Pollini
- Type: S.p.a.
- Industry: Fashion
- Founded: 1953; 73 years ago San Mauro Pascoli, Italy
- Founder: Alberto Pollini, Lidia Pollini, Lucia Pollini, Vittorio Pollini
- Headquarters: Gatteo, Italy
- Area served: International boutiques: Minsk, Podgorica, Tbilisi, Warsaw
- Key people: Marco Piazzi (General manager); Natalia Battaglini (Head of Style);
- Services: Fashion production, ready to wear
- Revenue: €96.6 million
- Net income: €408,733
- Owner: Aeffe
- Website: www.pollini.com

= Pollini (fashion house) =

Italian fashion house

Pollini S.p.a. is an Italian fashion house founded in 1953 by four siblings of the Pollini family in San Mauro Pascoli, Forlì-Cesena Province. The company specializes in the production of leather footwear and handbags. Marco Piazzi is its current general manager.

==History==
The company was founded in 1953 in the northern Romagna hinterland by Alberto, Lidia, Lucia and Vittorio Pollini, the children of shoemaker Ettore Pollini.

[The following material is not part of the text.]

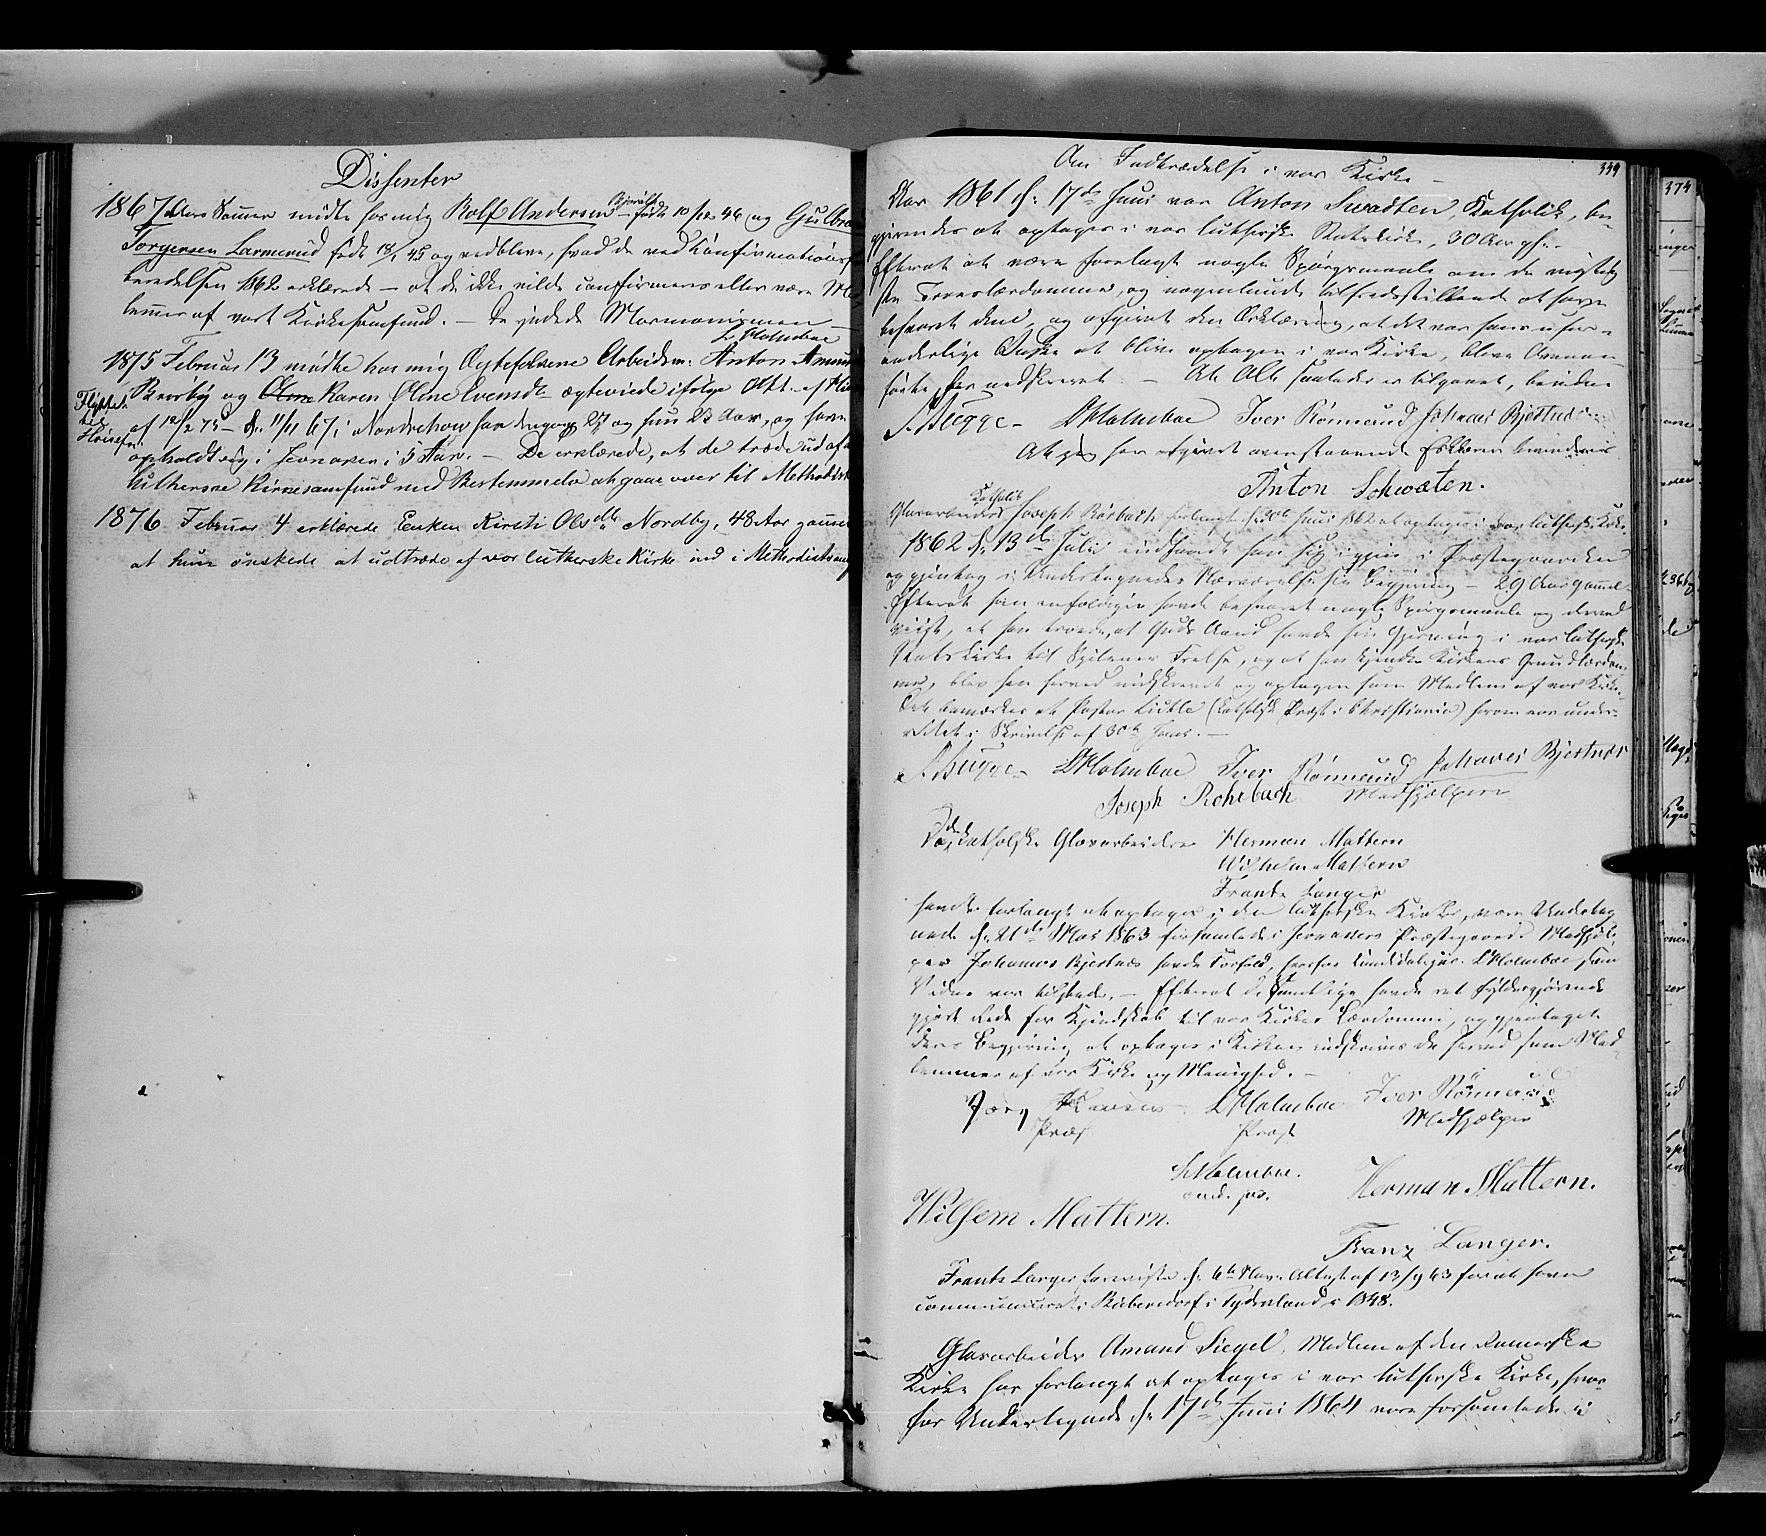 SAH, Jevnaker prestekontor, Ministerialbok nr. 7, 1858-1876, s. 349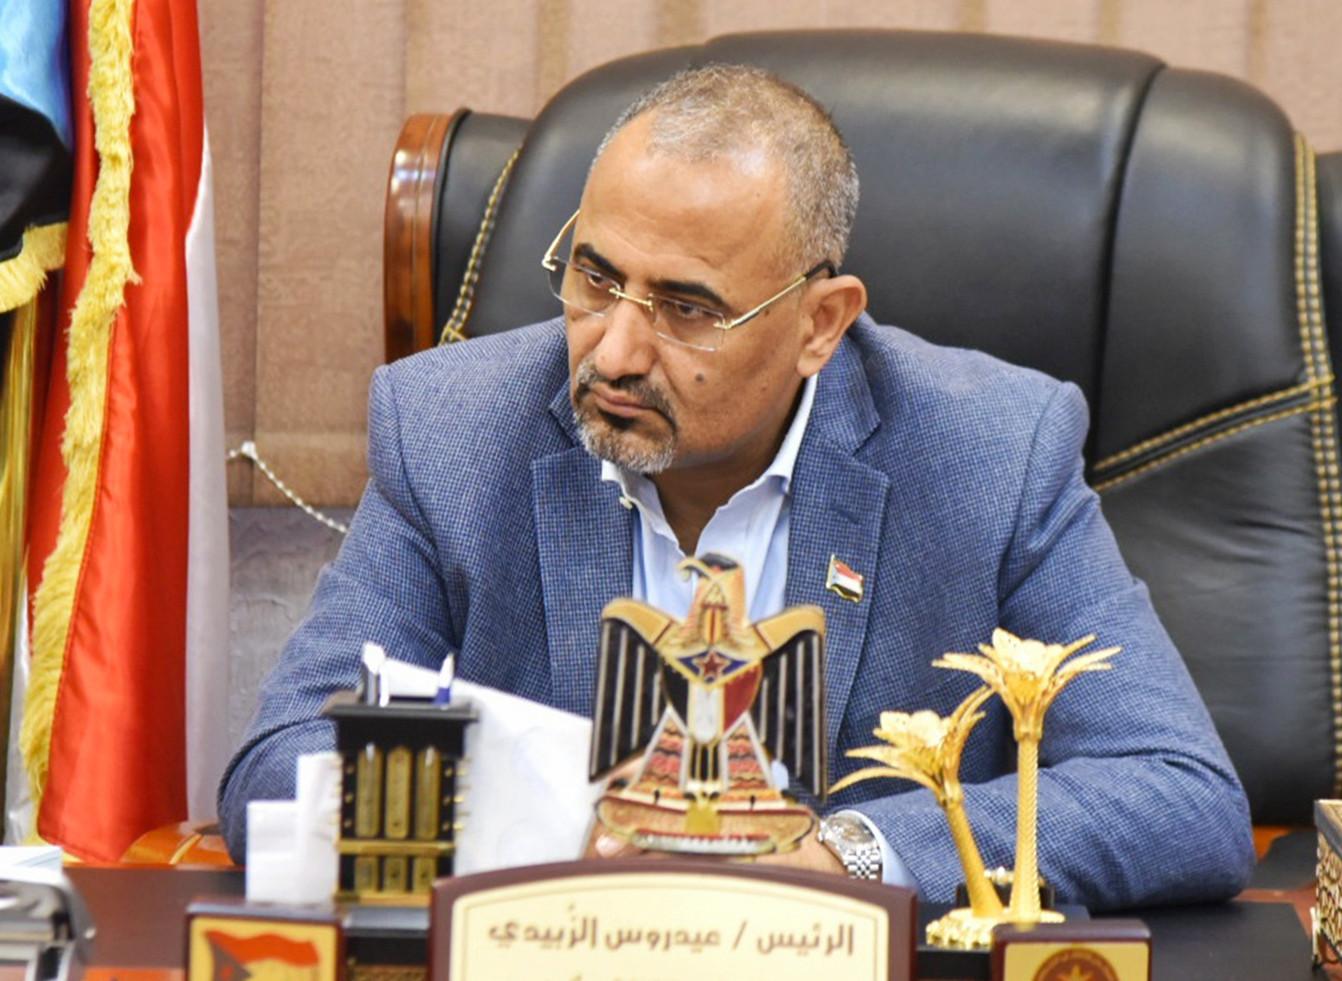 Yemen crisis deepens as separatists declare self-governance

Alongside its initially predominant footwear production, the company gradually expanded into the manufacture of leather handbags, including the renowned Daytona, which was exhibited at the Fashion Institute of Technology Museum in New York.

In 2000, following the acquisition of the brand by the Italian luxury holding company Aeffe, founded by Alberta Ferretti, Pollini, alongside its own production, began manufacturing a large portion of the accessory collections for the group's other brands, including Moschino.

==Boutiques==
As of early 2026, Pollini has boutiques in: Milan, Rome, Venice, Bolzano, Brescia, Pavia, Piacenza, Lecco, Lodi, Genoa, Catania, Sassari, as well as stores abroad in Minsk, Podgorica, Tbilisi, and Warsaw.